It’s been a while since I’ve written any advance C/C++ code, so I though this would be a nice challenge. I wanted a multiple domain DNS server running on my ESP32. There are lots of examples of single domain DNS resolution and multicast DNS. In fact, both of these are packages that can be easily imported, just include .h file and implement the required methods. The problem was single domain DNS didn’t work quiet well for my situation, I wanted multiple domains resolution. The ESPmDNS package seems to append “.local” at the end of any domain name and this made it very restrictive in terms of which domain names I could use.

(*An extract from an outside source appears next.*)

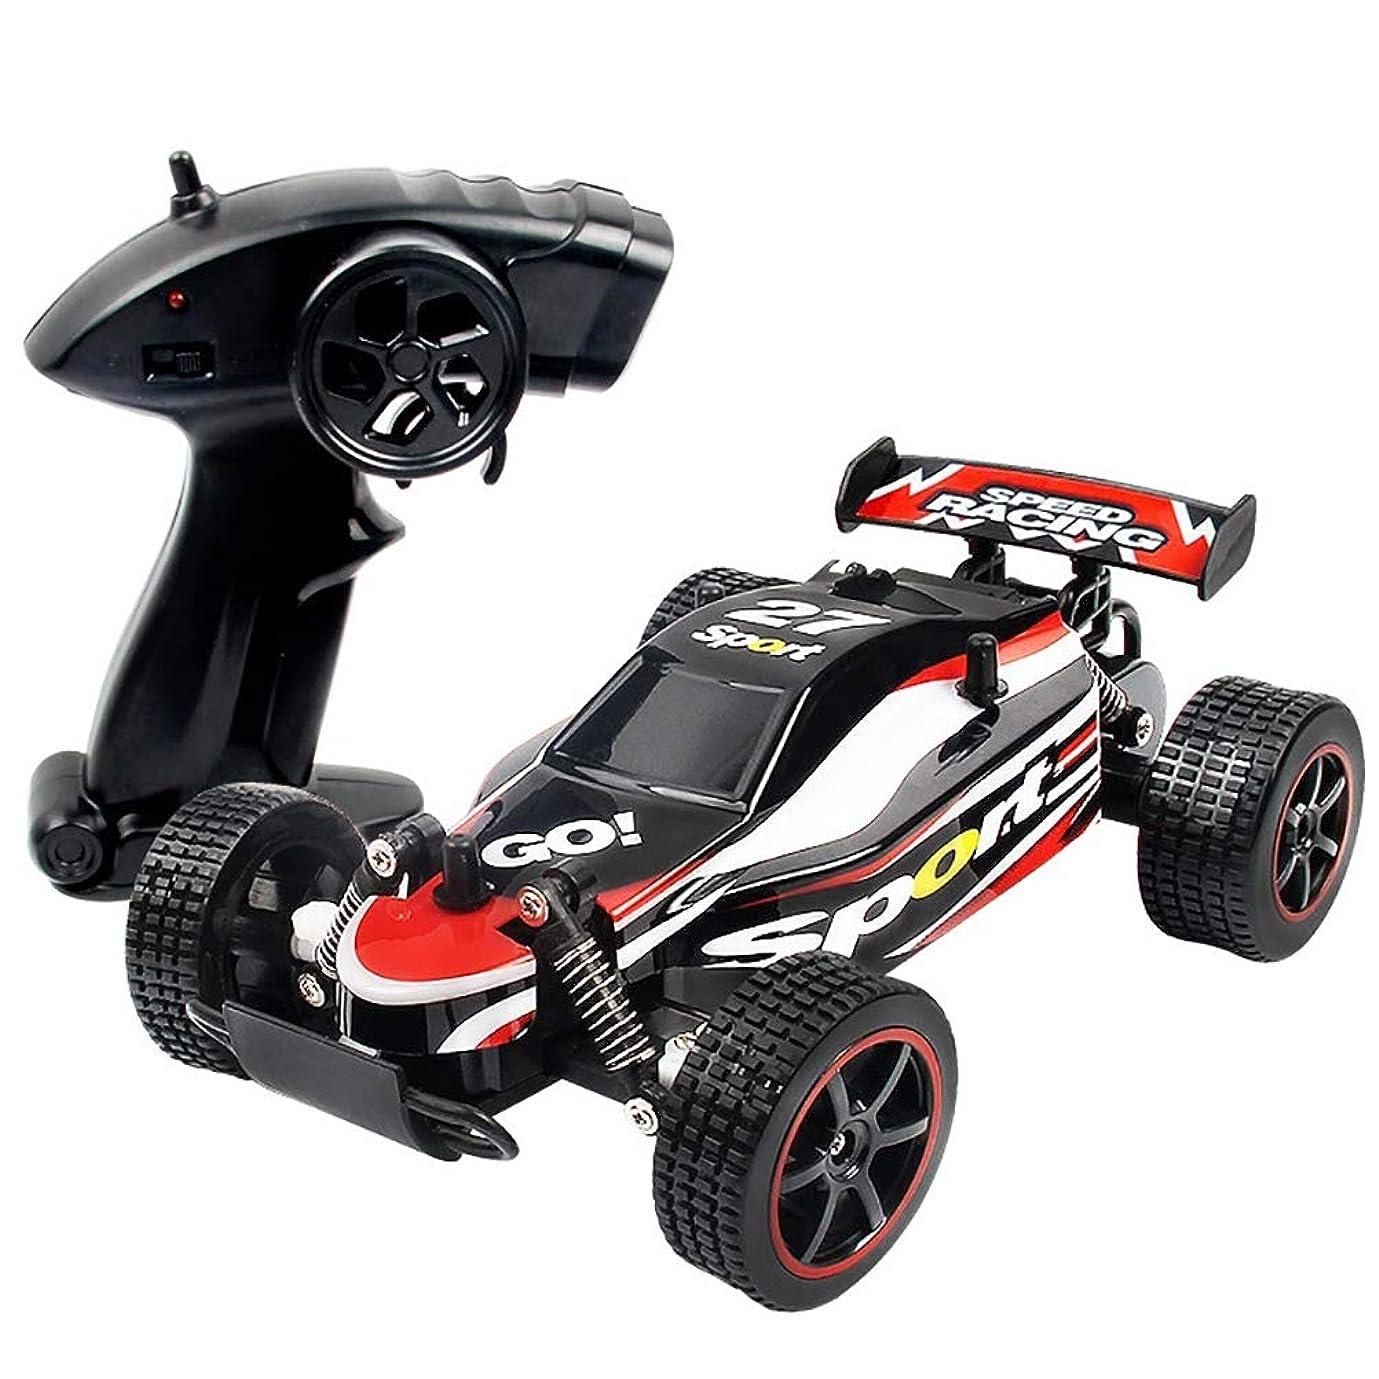 シェア甘美なテンポSurenhap ラジコンカー RCおもちゃ1/20 2.4Ghz 無線電動 オフロード 運動レーシングカー 競技可能 15Km/h高速リモコンカー 二輪駆動 防振性抜群 充電式電池付き ミニRCカー 子どもおもちゃ (レッド)

My scenario is, I have 2 websites hosted in IIS on my new laptops and 1 website hosted in IIS on my old laptop and I wanted to browse to all 3 sites using my mobile phone. The solution I was looking for was my ESP32 to behave like a DHCP / DNS server. When my laptops and my mobile phone are connected to it, I should be able to browse to all 3 sites without having to do any additional domain to IP mapping. I also wanted it to be configurable, so my ESP32 could be updated with new domains and IPs without having to recompile the code every time. Eventually, I would like my Arduino Uno and additional ESP32s to connect to this DHCP / DNS ESP32 and access the .netCore WebAPIs running in my home network.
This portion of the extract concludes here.